RNA isolation and qRT-PCR.
Total RNA was isolated using TRIZOL reagent (Life Technologies, USA)
according to the method of Chomczynski and Sacchi (1987). The integrity
of the samples was verified by 1% agarose gel electrophoresis and the
RNA amount in each sample was measured by spectrophotometry, as
described (Caputi, et al., 2021a).
RNA samples were subsequently subjected to DNase treatment and converted
to cDNA using the GeneAmp RNA PCR kit (Life Technologies, Italy)
according to the manufacturer’s protocol.
The qRT-PCR analysis was performed on a StepOne Real-Time PCR System
(Life Technologies, Monza, Italy) using SYBR Green PCR MasterMix (Life
Technologies, Italy), as previously reported (Caputi, et al., 2021b).

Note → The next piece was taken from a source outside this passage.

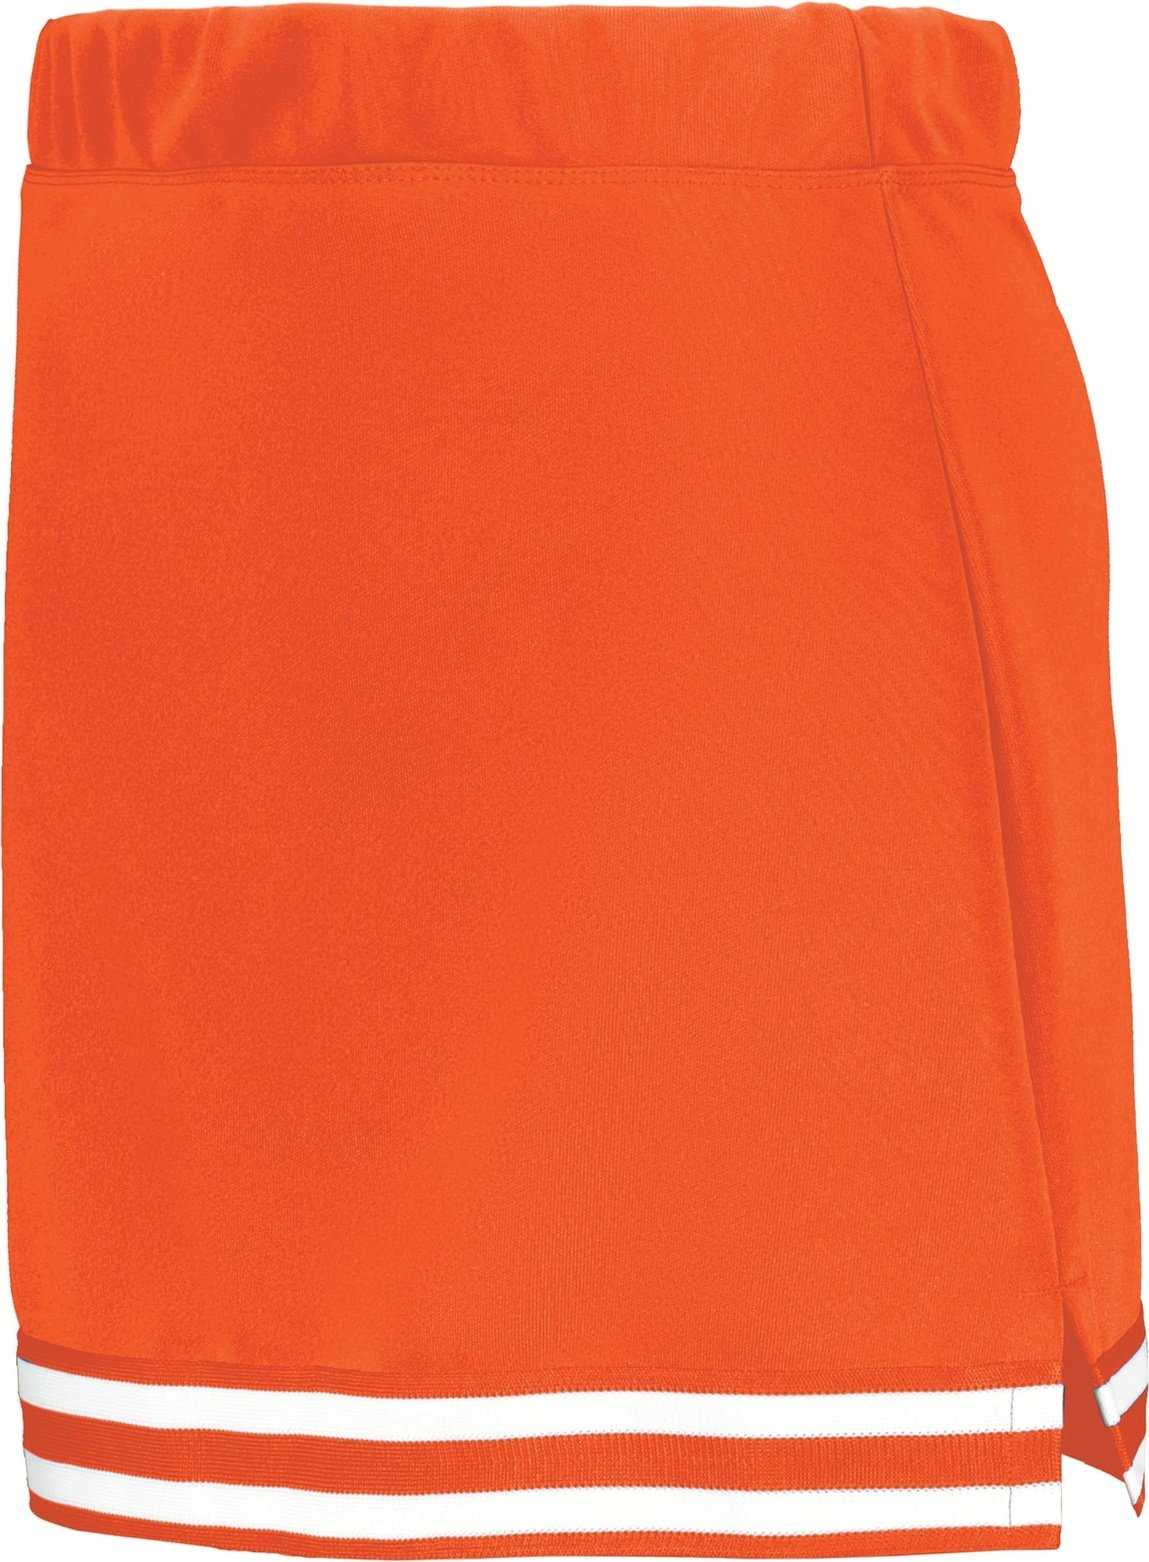 Augusta 6926 Girls Cheer Squad Skirt - Orange Orange White - HIT a Double

Relative expression of the different gene transcripts was calculated by
the Delta-Delta Ct (DDCt) method and converted to relative expression
ratio (2-DDCt) for statistical analysis (Livak & Schmittgen, 2001). All
data were normalised to the housekeeping gene glyceraldehyde-3-phosphate
dehydrogenase (GAPDH). The primers, designed using Primer 3 (Rozen &
Skaletsky, 2000) were used for PCR amplification.

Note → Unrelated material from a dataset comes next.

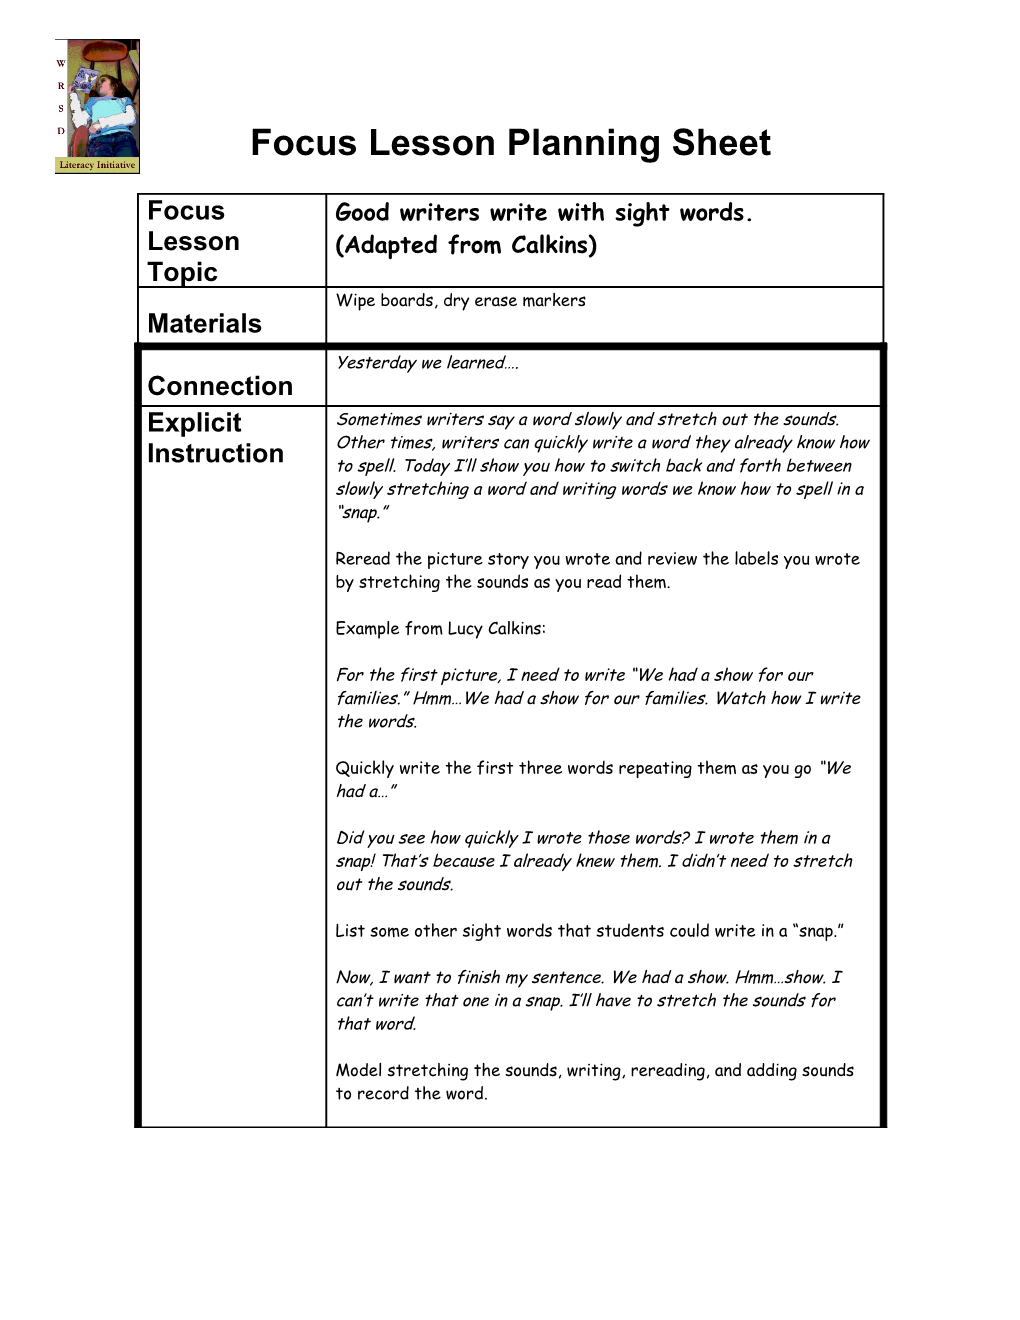 Focus Lesson Planning Sheet s5

pDYN forward 5′− CCTGTCCTTGTGTTCCCTGT-3′; pDYN reverse 5′-
AGAGGCAGTCAGGGTGAGAA-3′; KOR forward 5′- TTGGCTACTGGCATCATCTG-3′; KOR
reverse 5′- ACACTCTTCAAGCGCAGGAT-3′; CRF forward
5′-GCAGCGGGACTTCTGTTGA-3′; CRF reverse 5′-CGCAGCCGTTGAATTTCTTG-3′; CRFR1
forward 5′- TGCCAGGAGATTCTCAACGAA-3′; CRFR1 reverse 5′-
AAAGCCGAGATGAGGTTCCAG-3′; GAPDH forward 5′- AGACAGCCGCATCTTCTTGT-3′;
GAPDH reverse 5′- CTTGCCGTGGGTAGAGTCAT-3′.